▶ YOUR TASK:
With the pictures removed, please write out every line below exactly as given.

==== DATASET SECTION ====

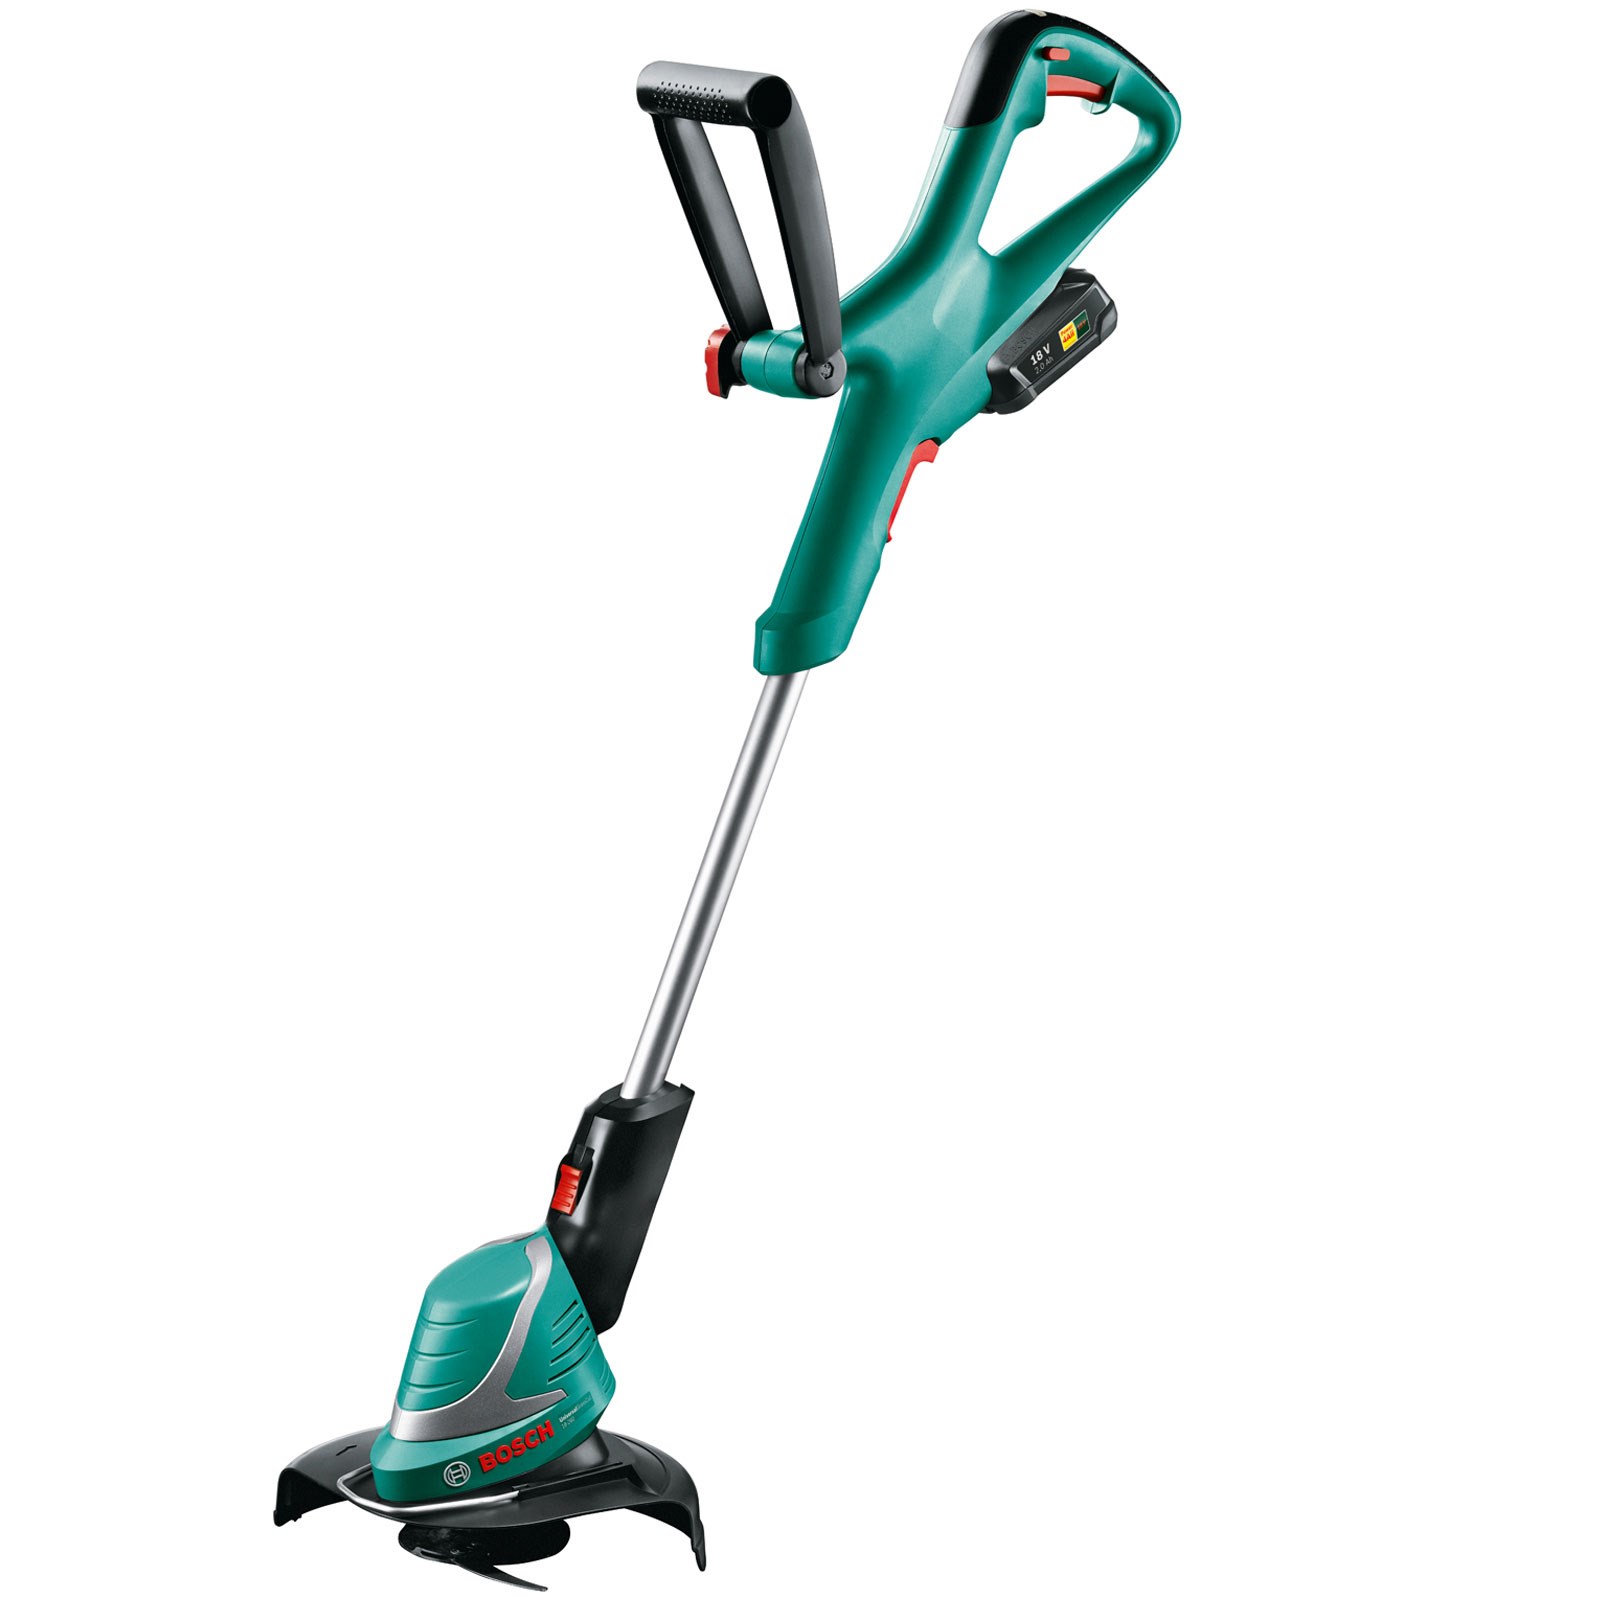 Bosch Grass Trimmers/Brushcutters Category
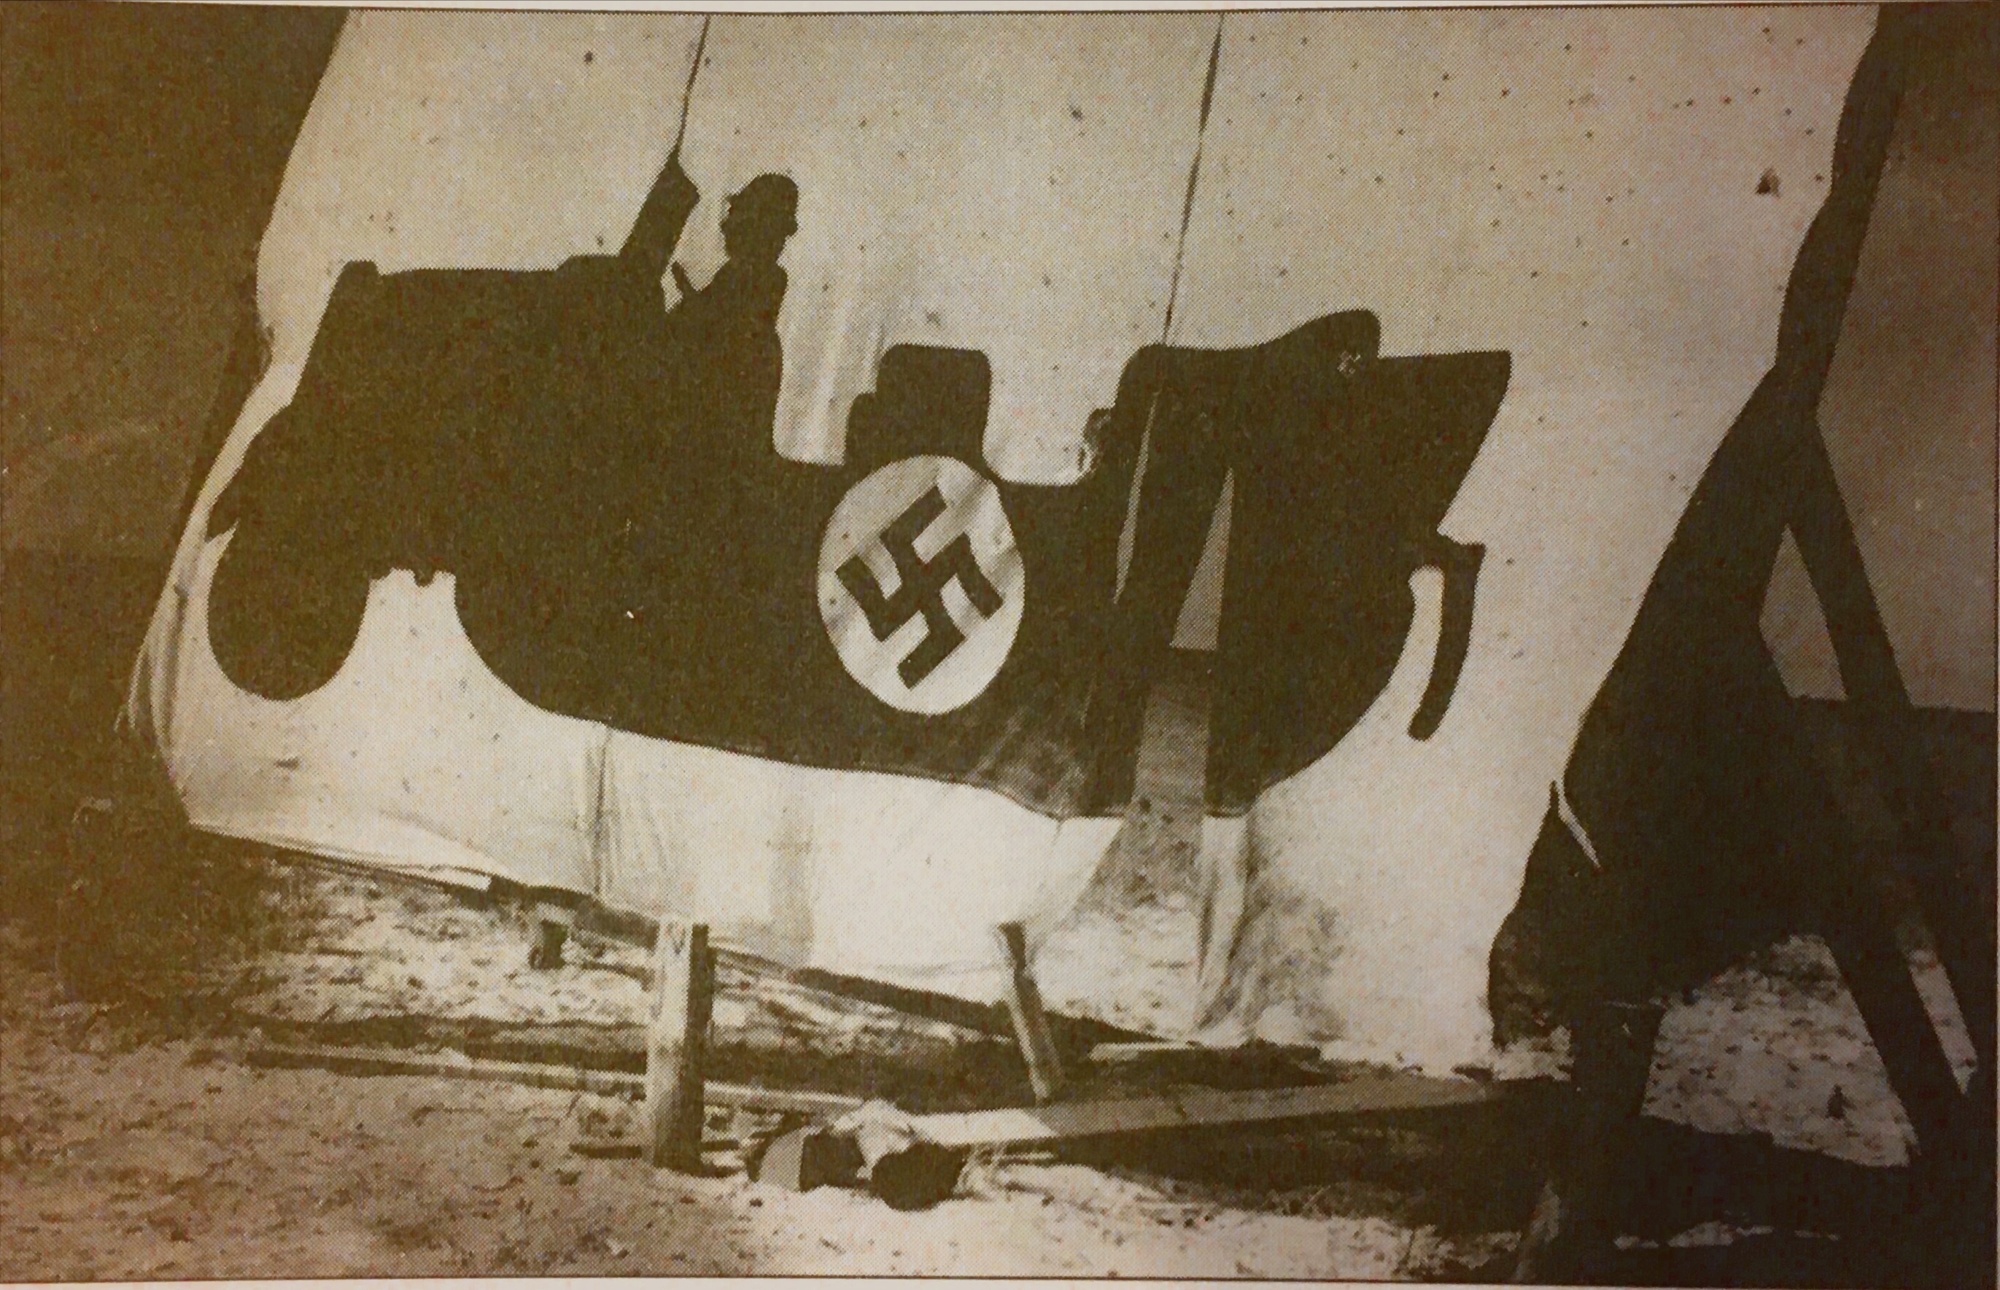 An image of a target used on Longboat Key by the Army Air Force's P-40 strafe practice, from Ralph Hunter's “From Calusas to Condominiums, A Pictorial History of Longboat Key.”
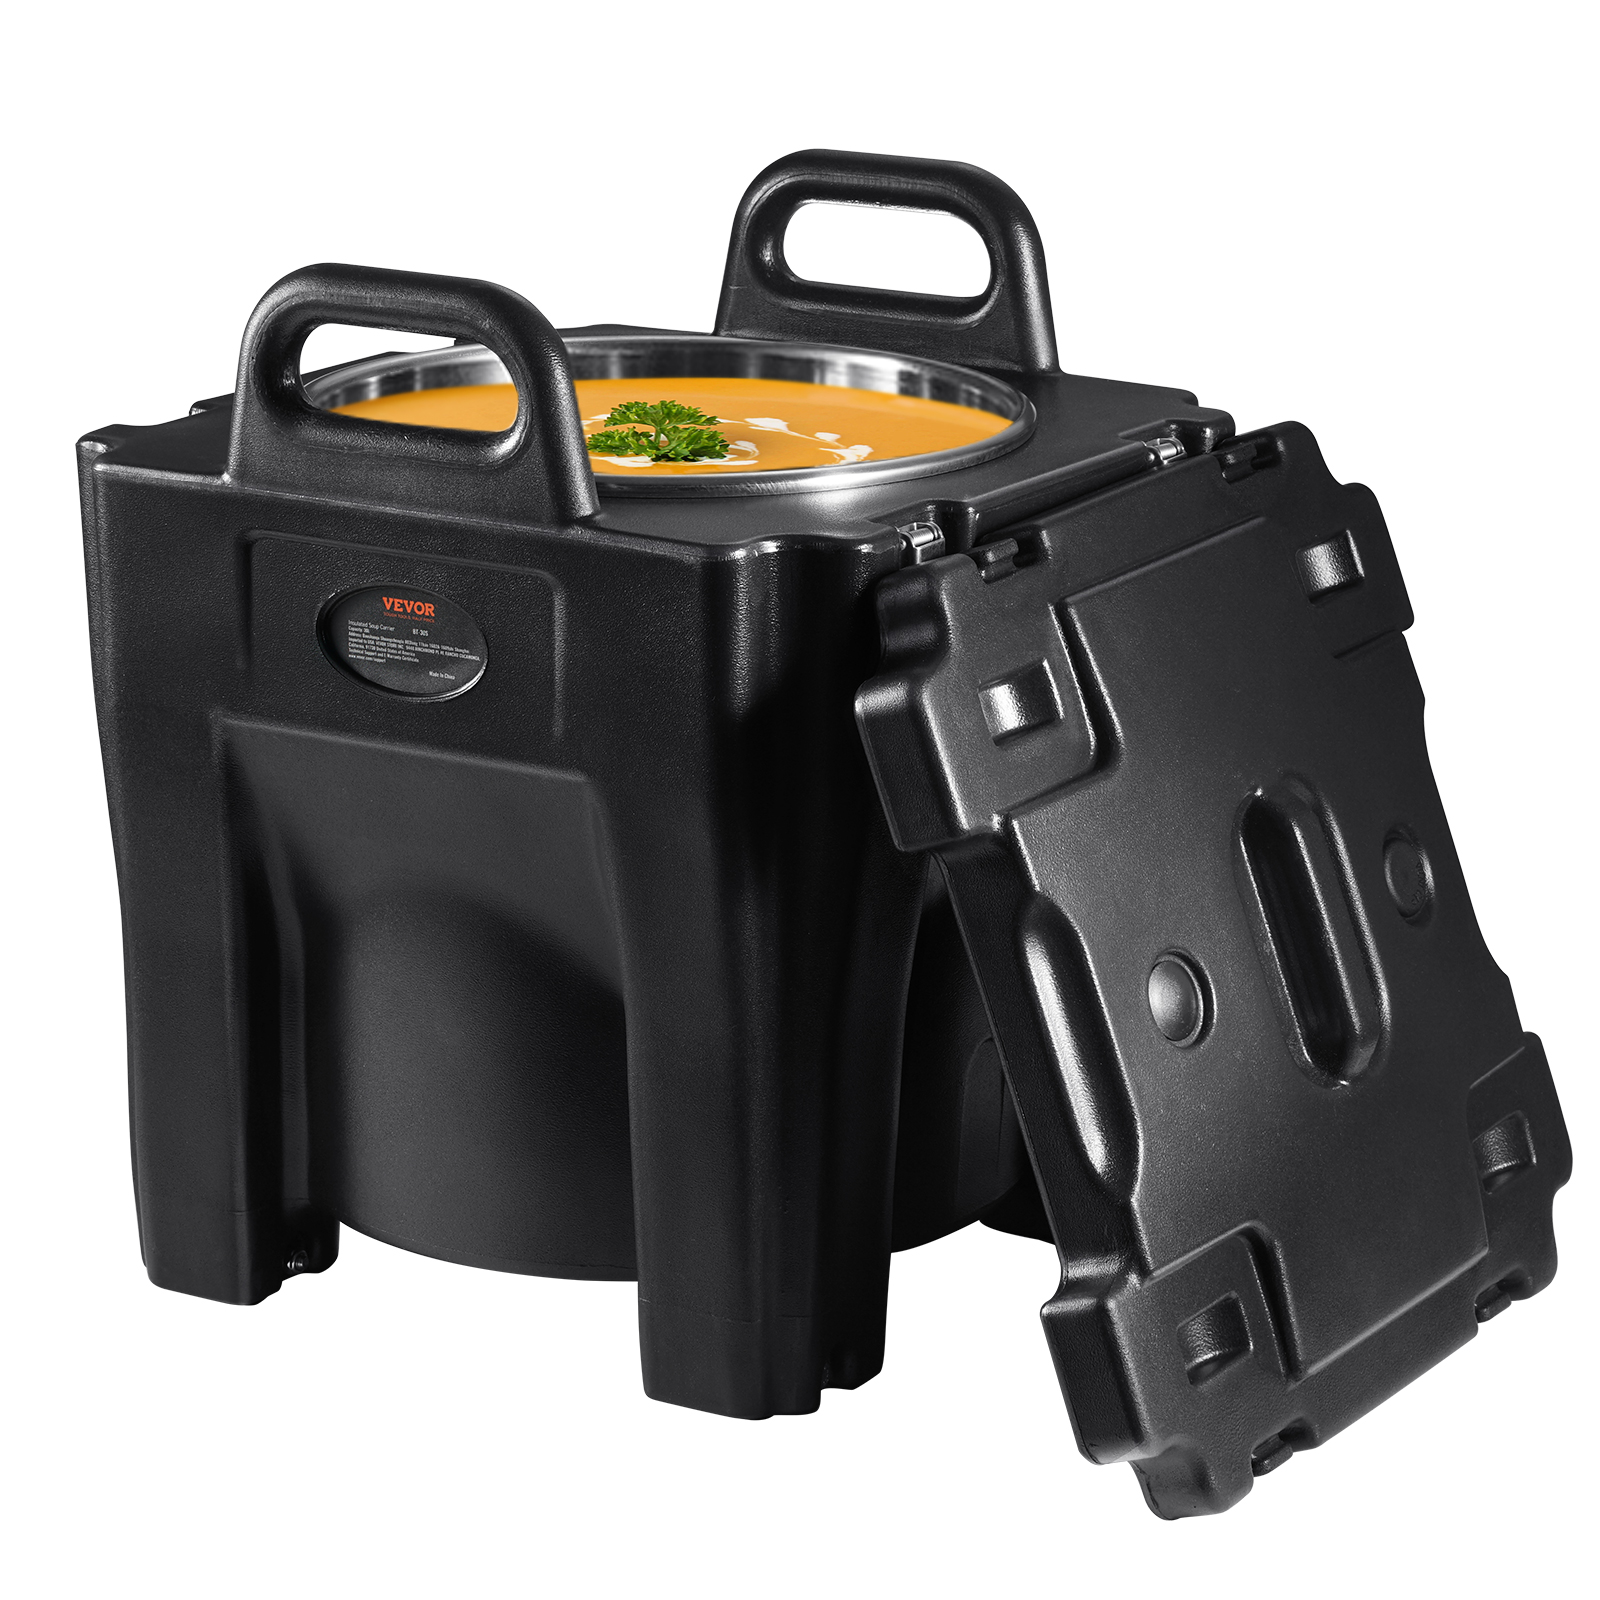 https://d2qc09rl1gfuof.cloudfront.net/product/SPBWXHSBWT30LBMYX/insulated-food-pan-carrier-m100-1.2.jpg

====

▶ WORKED SOLUTION:
 Bosch Grass Trimmers/Brushcutters Category
 An image of a target used on Longboat Key by the Army Air Force's P-40 strafe practice, from Ralph Hunter's “From Calusas to Condominiums, A Pictorial History of Longboat Key.”
 https://d2qc09rl1gfuof.cloudfront.net/product/SPBWXHSBWT30LBMYX/insulated-food-pan-carrier-m100-1.2.jpg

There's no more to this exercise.